The funnel plot cannot provide numerical estimates of the true effect size, but there are various methods that can. The most commonly used are the trim and fill methods. They come in 3 variants of which 2 are applicable here.
#trim and fill estimates
meta_trimfill_L0 = trimfill(meta_main, estimator = "L0") %T>% print
##
## Estimated number of missing studies on the left side: 0 (SE = 2.6645)
##
## Random-Effects Model (k = 25; tau^2 estimator: REML)
##
## tau^2 (estimated amount of total heterogeneity): 0.7823 (SE = 0.2746)

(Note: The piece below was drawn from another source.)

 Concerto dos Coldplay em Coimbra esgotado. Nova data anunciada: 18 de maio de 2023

## tau (square root of estimated tau^2 value): 0.8845
## I^2 (total heterogeneity / total variability): 89.49%
## H^2 (total variability / sampling variability): 9.51
##
## Test for Heterogeneity:
## Q(df = 24) = 134.1304, p-val < .0001
##
## Model Results:
##
## estimate se zval pval ci.lb ci.ub
## 1.0313 0.1959 5.2637 <.0001 0.6473 1.4152 ***
##
## ---
## Signif. codes: 0 '***' 0.001 '**' 0.01 '*' 0.05 '.' 0.1 ' ' 1
meta_trimfill_R0 = trimfill(meta_main, estimator = "R0") %T>% print
##
## Estimated number of missing studies on the left side: 3 (SE = 2.8284)
## Test of H0: no missing studies on the left side: p-val = 0.0625
##
## Random-Effects Model (k = 28; tau^2 estimator: REML)
##
## tau^2 (estimated amount of total heterogeneity): 1.6013 (SE = 0.4886)

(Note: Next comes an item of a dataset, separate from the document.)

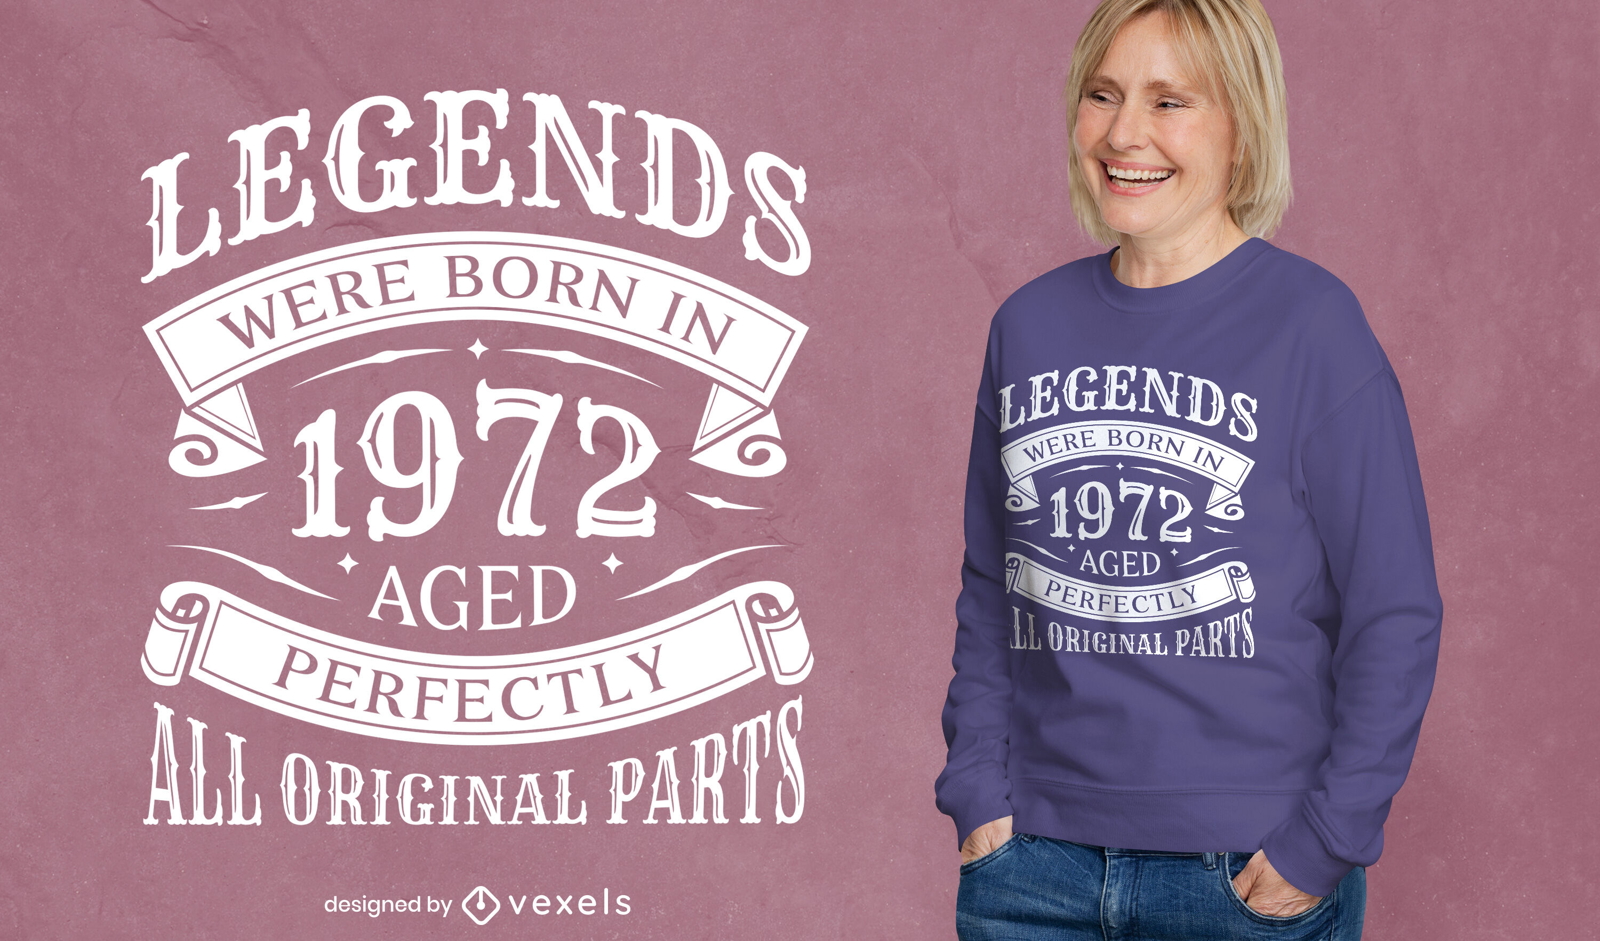 Legends were born t-shirt design

## tau (square root of estimated tau^2 value): 1.2654
## I^2 (total heterogeneity / total variability): 94.21%
## H^2 (total variability / sampling variability): 17.28
##
## Test for Heterogeneity:
## Q(df = 27) = 199.9772, p-val < .0001
##
## Model Results:
##
## estimate se zval pval ci.lb ci.ub
## 0.7578 0.2536 2.9879 0.0028 0.2607 1.2549 **
##
## ---
## Signif. codes: 0 '***' 0.001 '**' 0.01 '*' 0.05 '.' 0.1 ' ' 1
Surprisingly, the first variant of trim and fill does not impute any missing studies, and the second variant only imputes 3. Simulation studies of these methods have shown that they generally have lower power, meaning that when k is small (as it is here), they sometimes miss even sizable publication bias. For this reason we can’t be very certain about these conclusions.
The large twin control study for exercise makes any very large effect very improbable, but is congruent with smaller effects such as that seen based on the 5 largest studies: d = 0.253 There is another recent meta-analysis of exercise for depression (Rebar et al 2015), but it meta-analyzed other meta-analyses not primary studies and was thus not interesting to re-analyze. However, it did find a much smaller effect size than the Schuch study, d = 0.50.